Friday, April 5, 2019

Strang on The Declaration and Constitutional Interpretation

Lee J. Strang, University of Toledo College of Law, has posted The Declaration of Independence: No Special Role In Constitutional Interpretation, which appeared in the Harvard Journal of Law and Public Policy 42 (2018): 43-58:
The Declaration of Independence is a beautifully written document; it is a potent symbol of our nation’s birth and founding principles; but it does not and should not play a unique role in constitutional interpretation. Instead, the Declaration is one source, among many, of the Constitution’s original meaning. I make three arguments to support this thesis.

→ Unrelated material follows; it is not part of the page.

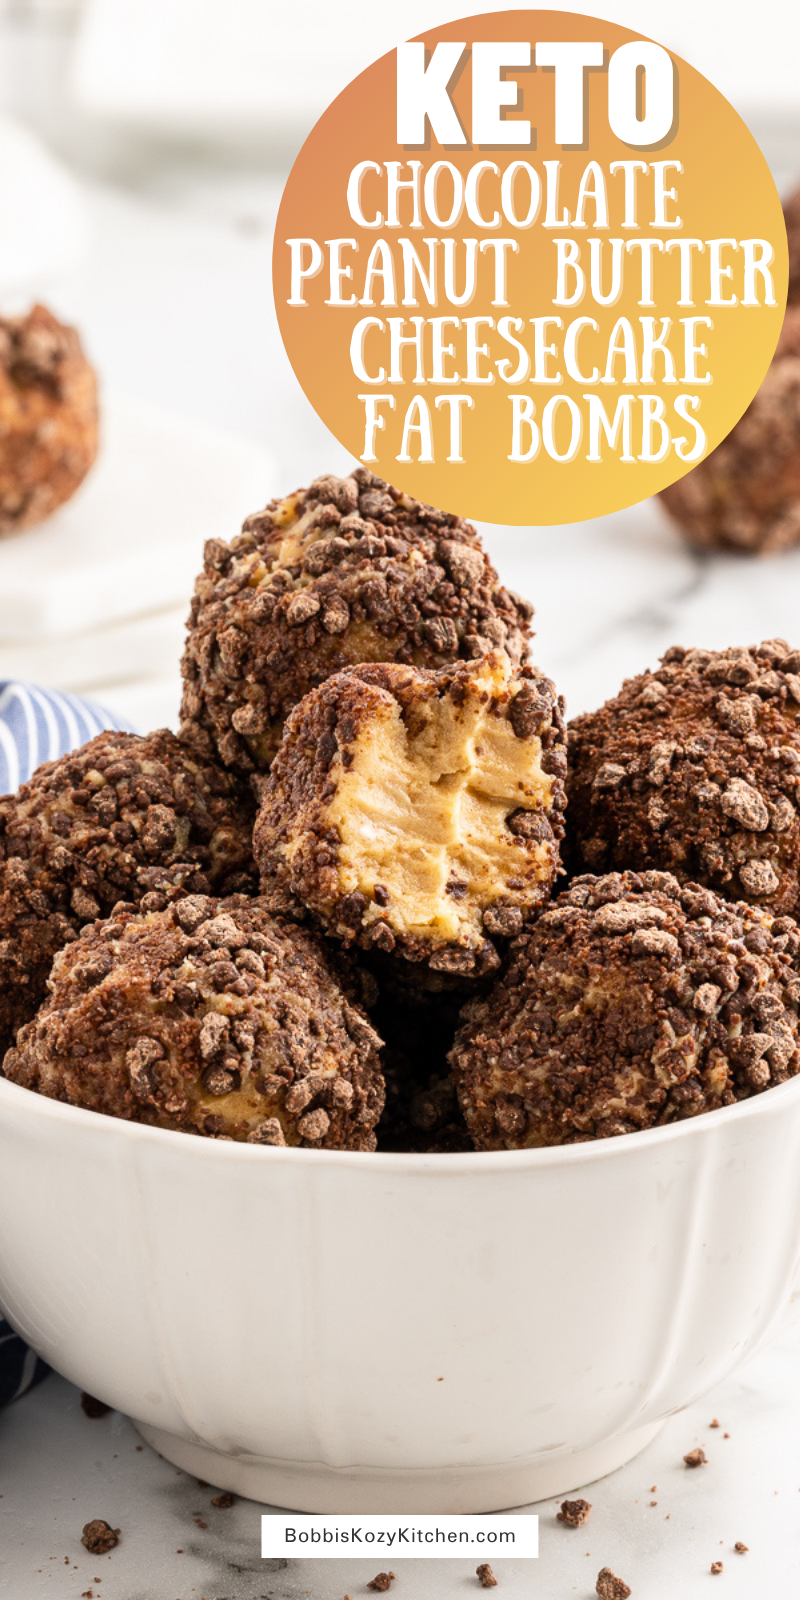 Chocolate Peanut Butter Cheesecake Fat Bombs - These creamy chocolate peanut butter cheesecake fat bombs are the perfect keto snack or dessert. Made with just 6 ingredients, they are as easy to make as they are delicious to eat, and, with just 2 net carbs per fat bomb, they are guilt-free too! #keto #lowcarb #sugarfree #chocolate #peanutbutter #cheesecake #fatbomb

First and theoretically, I argue that mainline originalist theory has no analytical space within it for the Declaration to play a special role in constitutional interpretation. To illustrate this, I describe the most prominent conception of originalism—public meaning originalism. Then, I show that public meaning originalism’s process to ascertain the Constitution’s original meaning treats the Declaration as one source of original meaning, and that its importance as a source therefore depends on the empirical-historical question of whether the original meaning in fact did privilege it.

This leads me to my second main argument, based on history. I make three moves to show that the Declaration did not play a unique interpretive role. First, I describe how the Framers and Ratifiers did not use the Declaration as the unique interpretive key to constitutional interpretation. Second, I show that, because the Declaration was inconsistent with the Constitution’s text, it cannot be the interpretive key to the Constitution. Third, I explain that it was only after the Founding, during times of moral crisis, that Americans in various social movements turned to the Declaration to support their out-of-the-mainstream constitutional interpretations. This phenomenon shows that appeals to the Declaration are motived by a desire for political and social change extrinsic to the Constitution.

Third and jurisprudentially, I show that our current constitutional practice does not recognize the Declaration as playing a unique role in constitutional interpretation. I focus on the Constitution’s text, current legal practice, and Supreme Court practice.